Meski aman, awan pekat masih menyelimuti perjalanan kami. Tiba-tiba pilot menyampaikan bahan bakar akan habis. Seisi heli kembali panik. ”Turun segera!” perintah Mayjen Burhanuddin Amin. Pilot mencari lahan yang lapang untuk pendaratan darurat. Kami tidak tahu, di wilayah mana kami mendarat.
Baca juga: Pengalaman Dikejar Awan Panas Gunung Merapi
Sejenak setelah turun, warga setempat heran. Ada heli militer tiba-tiba di dekat permukiman mereka. Puluhan orang mengerubuti heli dan bengong melihat heli dan penumpangnya turun. ”Ada apa, Pak?” tanya salah seorang warga setempat kepada kami. ”Bahan bakar habis,” kata ajudan panglima.
Atas perintah Mayjend Burhanuddin Amin, kami mencari sinyal komunikasi dan memberitahukan peristiwa itu. Beliau memerintahkan untuk mendekat ke jalan besar, yang bisa diakses kendaraan. Bantuan dari pos militer terdekat akan datang. Kami meninggalkan lokasi pendaratan heli menjelang magrib.
Perjalanan darat
Perjalanan kami lanjutkan dengan jalan kaki. ”Kalian bawa senjata,” kata Mayjend Burhanuddin Amin kepada dua ajudannya. ”Siap bawa jenderal.” Mereka mengikuti panglima berjalan pada saat malam mulai datang. Tidak terasa, perjalanan begitu jauh, sesekali kami berhenti, makan dan minum seadanya di tempat yang kami singgahi.
Dua ajuan panglima terus menjalin kontak dengan regu penolong yang menjemput kami. Hampir tengah malam, dua kendaraan operasional militer, seingat saya pikap dobel kabin tiba menjemput kami.
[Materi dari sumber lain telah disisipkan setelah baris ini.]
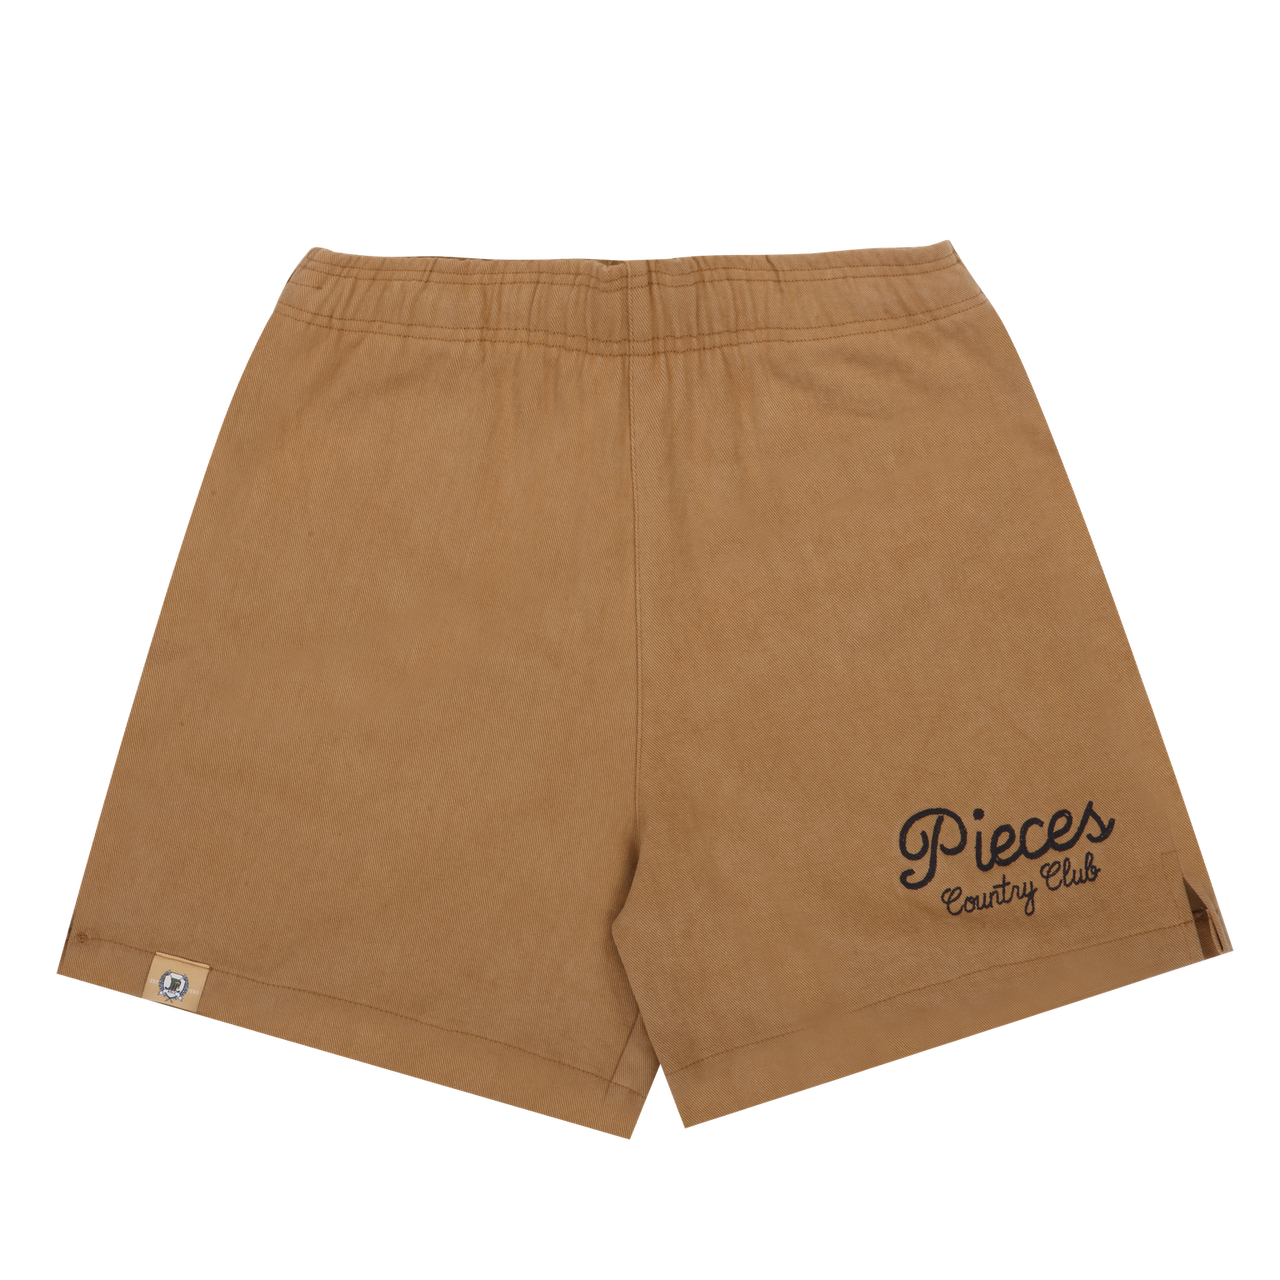 Pieces Country Club Shorts Camel

Dengan kondisi letih, kami lega. Kami semua pindah ke mobil, sebagian di dalam kabin, sementara tiga jurnalis yang ikut rombongan di bak terbuka pikap militer.
Baca juga: Menembus Hutan, Mengendus Jejak Konflik Satwa
Perjalanan menuju Padang Sidimpuan, Tapanuli Selatan. Di sana kami istirahat di Markas TNI setempat. Hari sudah berganti pada tanggal berikutnya. Tidak lama lagi waktu sahur akan tiba. Saya istirahat di Padang Sidimpuan, dan besoknya bertemu Mas Parmin di Panyabungan.
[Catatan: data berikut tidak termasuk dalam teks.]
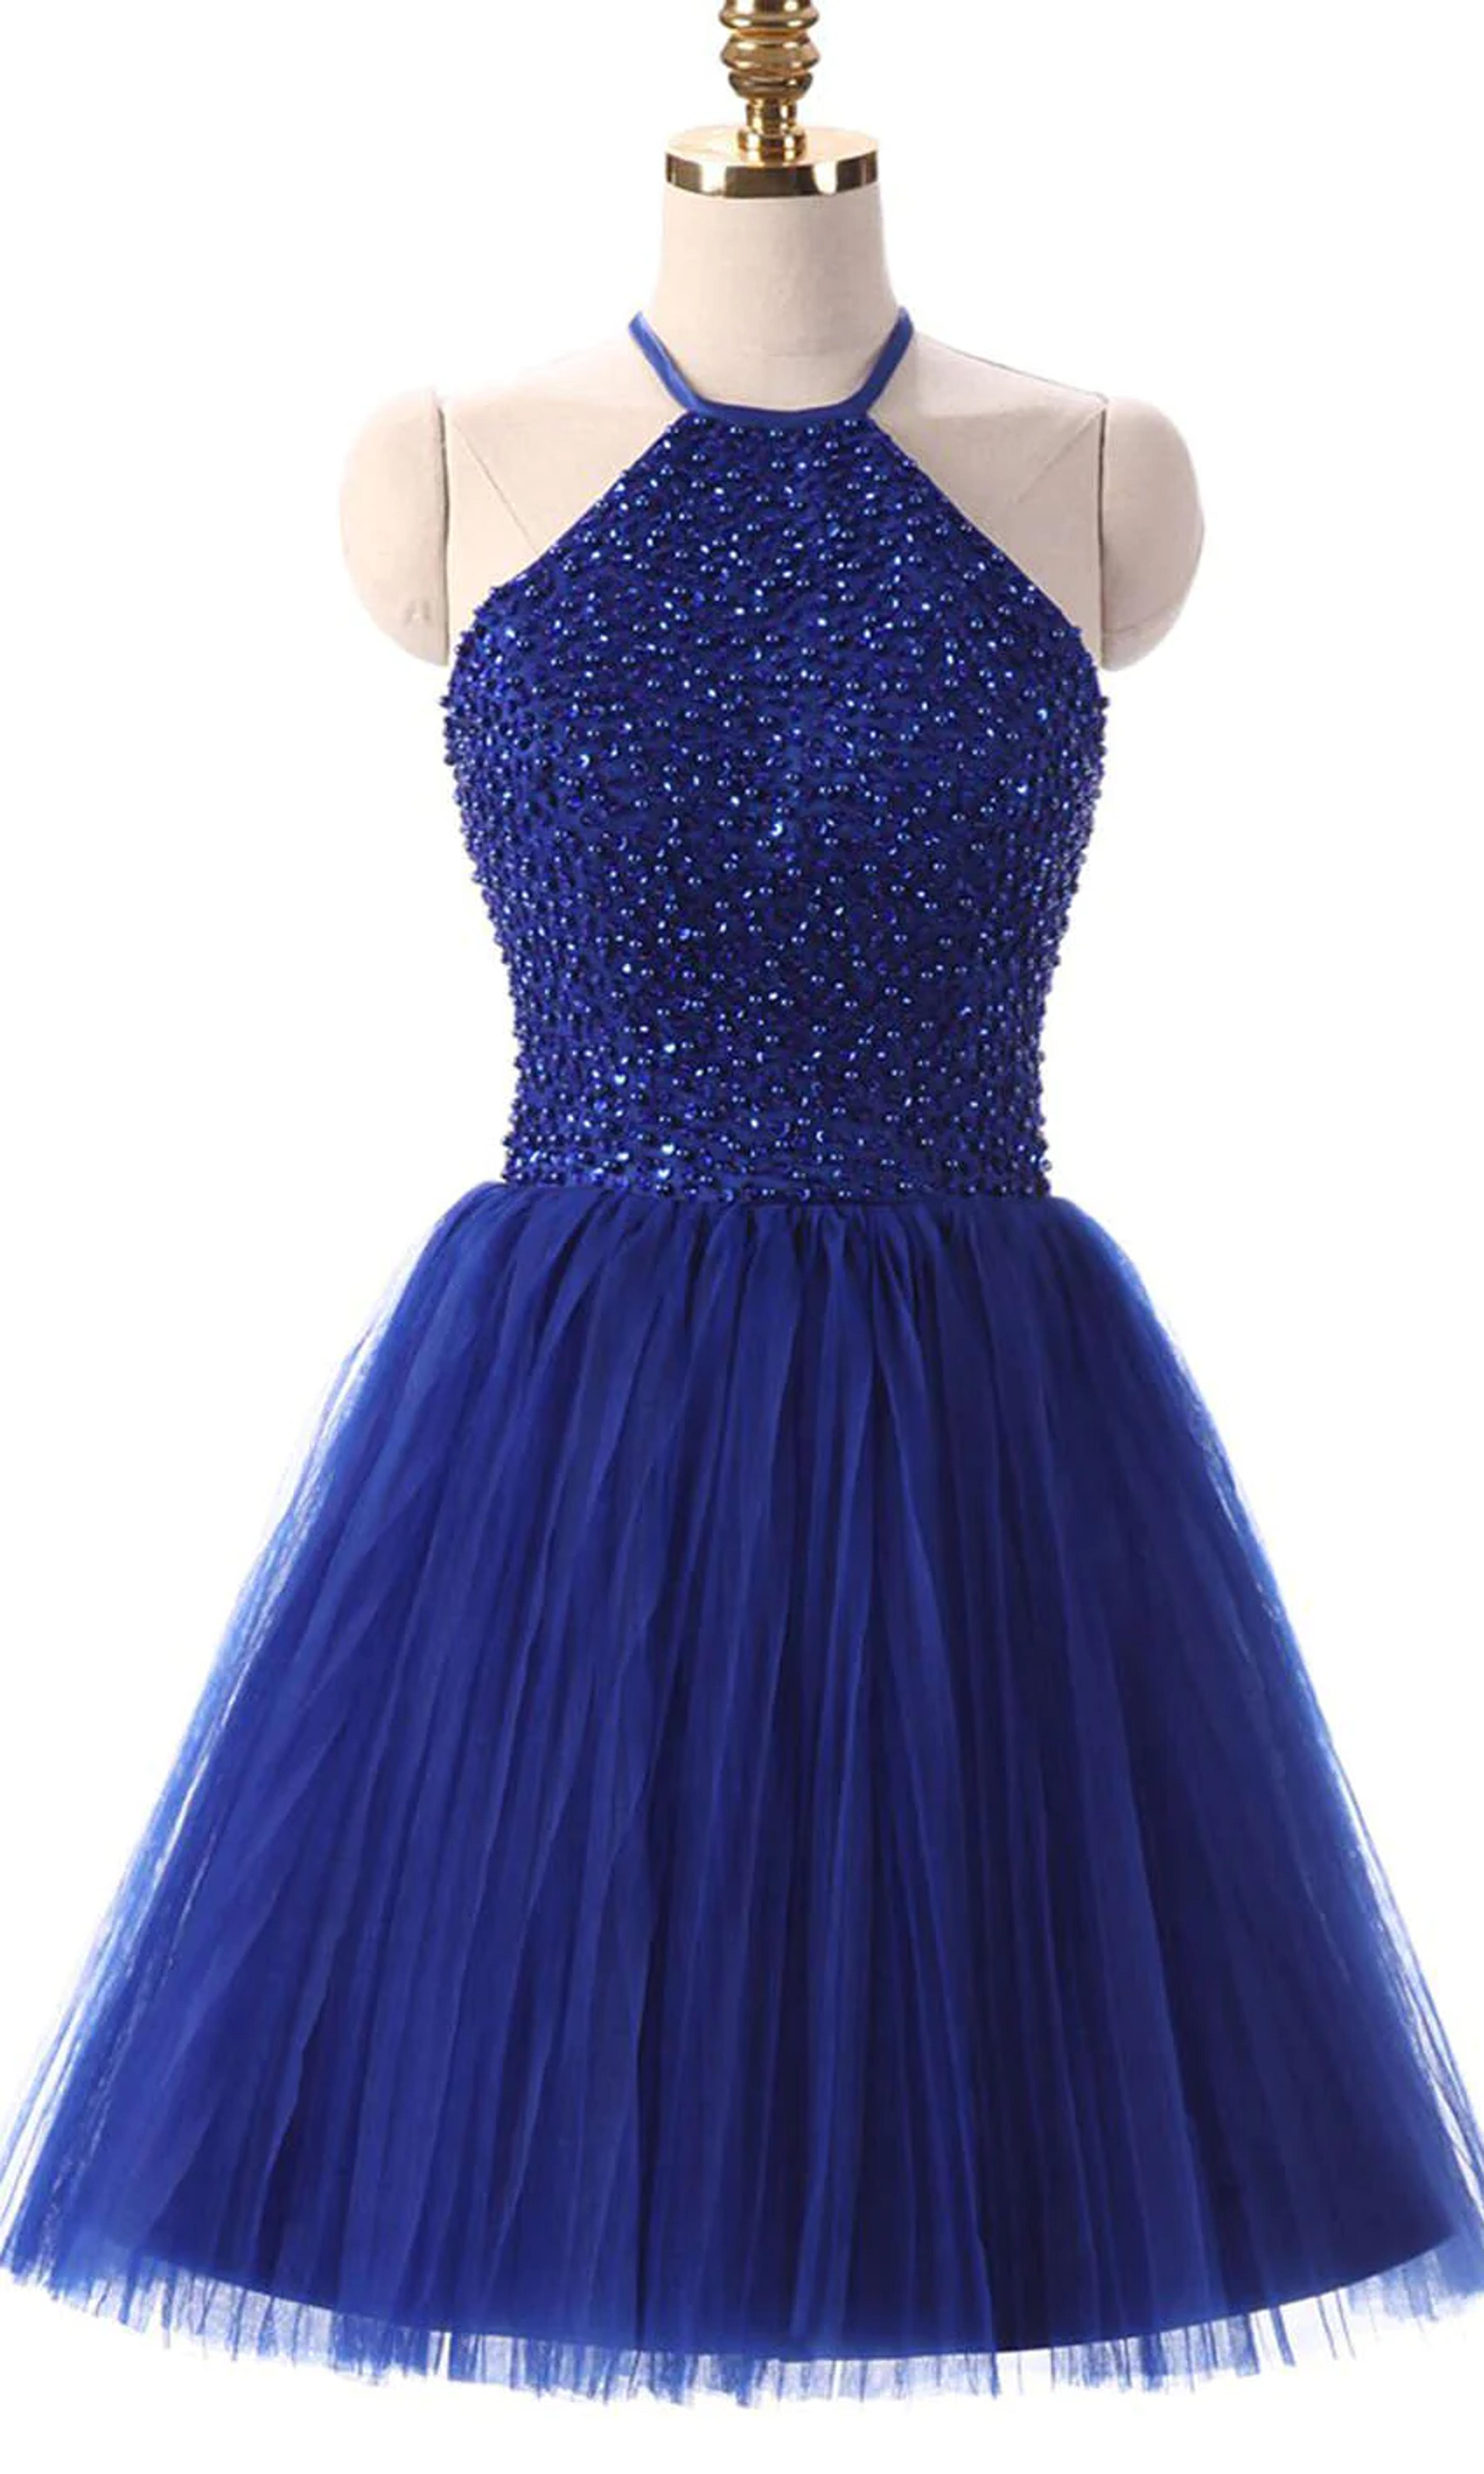 Royal Blue Short Beaded 8th Grade Prom Dresses with Keyhole Back P505 – promboutiqueonline

Selama perjalanan dengan heli, Mas Parmin menunggu saya di pos terakhir. Dia menyangka heli akan kembali. Malam, saat saya dijemput tim evakuasi, saya memberi kabar kalau perjalanan dalam gangguan. Kami sepakat bertemu di Panyabungan esoknya. Setelah peristiwa itu, saya masih berada di Kota Natal untuk melewatkan malam Idul Fitri sana.
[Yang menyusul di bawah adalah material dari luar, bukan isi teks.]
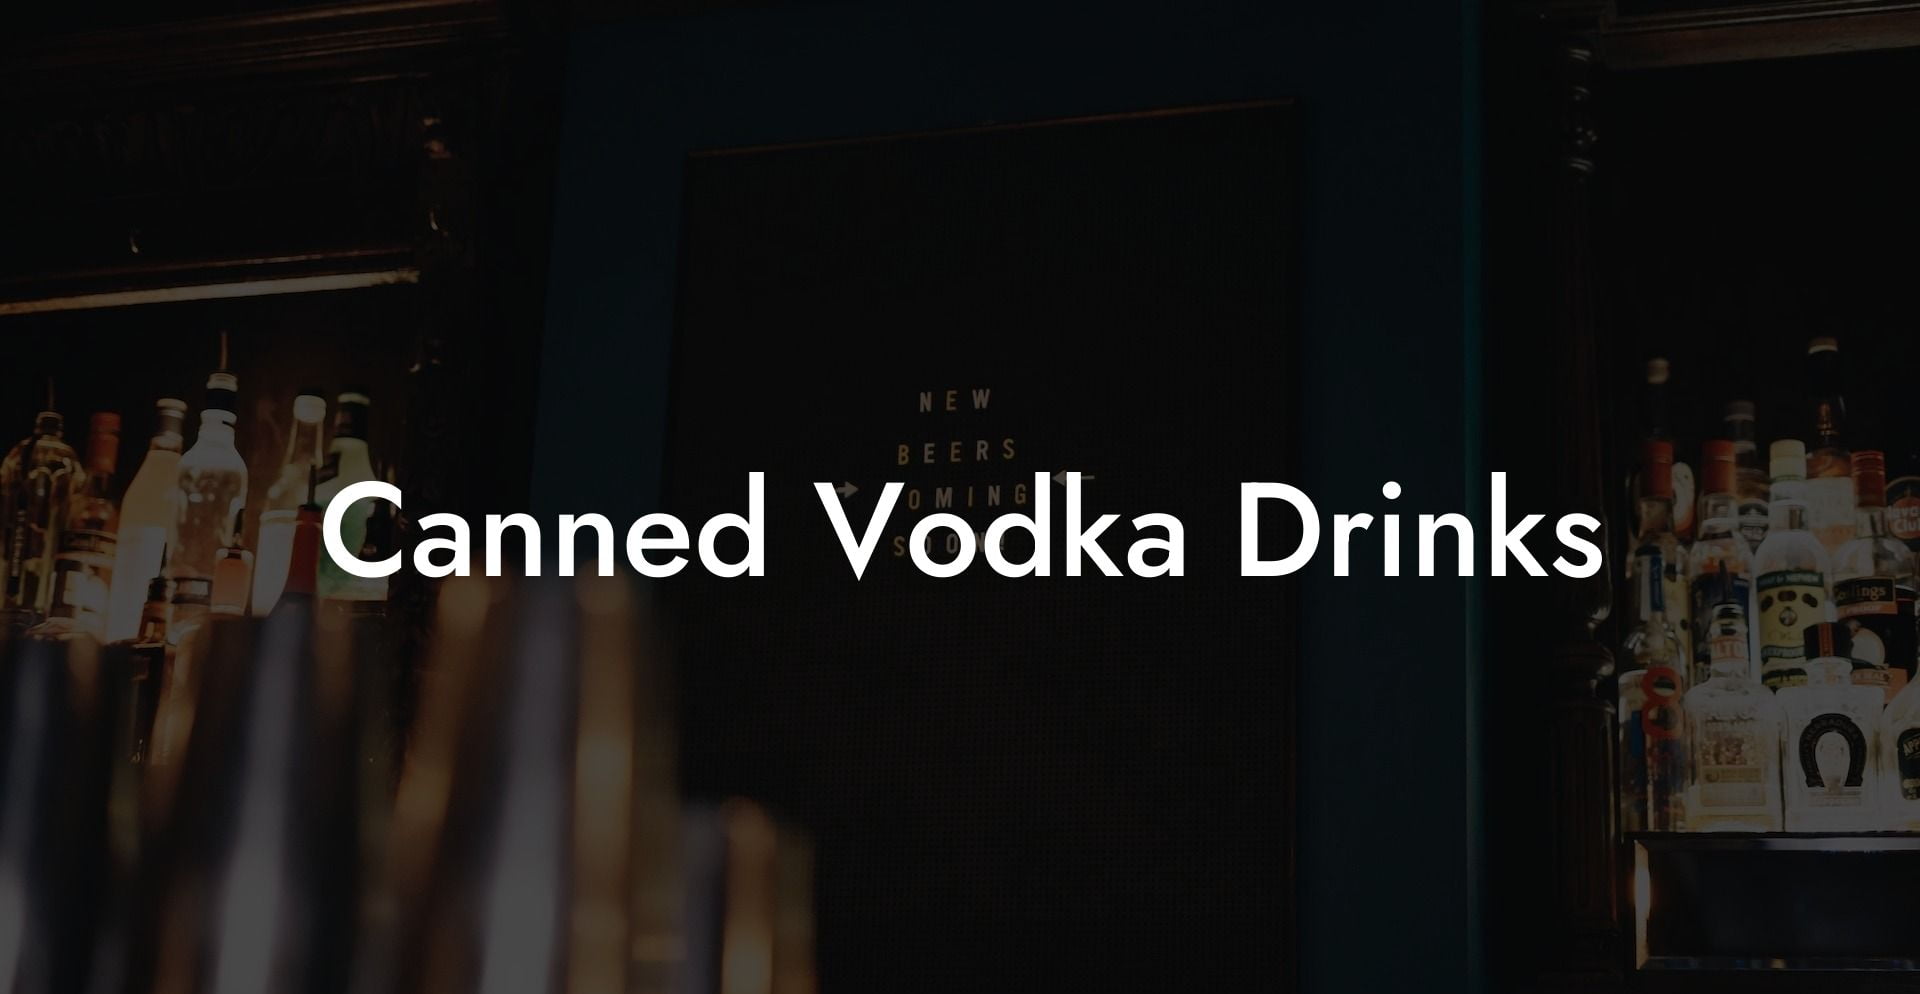 Canned Vodka Drinks

Kota Natal ini pernah diperebutkan bangsa Portugis, Inggris, Perancis, dan Belanda, seperti yang tertera dalam buku Greget Tuantu Rao karya Basyral Hamidi Harahap (2007). Eduard Douwes Dekker atau Multatuli juga pernah bertugas di kota ini sebagai petugas kontrolir pada 1842-1843. Warga kota ini ramah. Mereka berusaha bangkit dari keterbelakangan yang terjadi sejak zaman Multatuli di sana.
Malam itu, saya menikmati tradisi malam Lebaran dan sajian kuliner khas warga setempat. Tugas yang mendebarkan di Mandailing Natal berakhir dengan manis. Saya tidak pernah menyesalinya.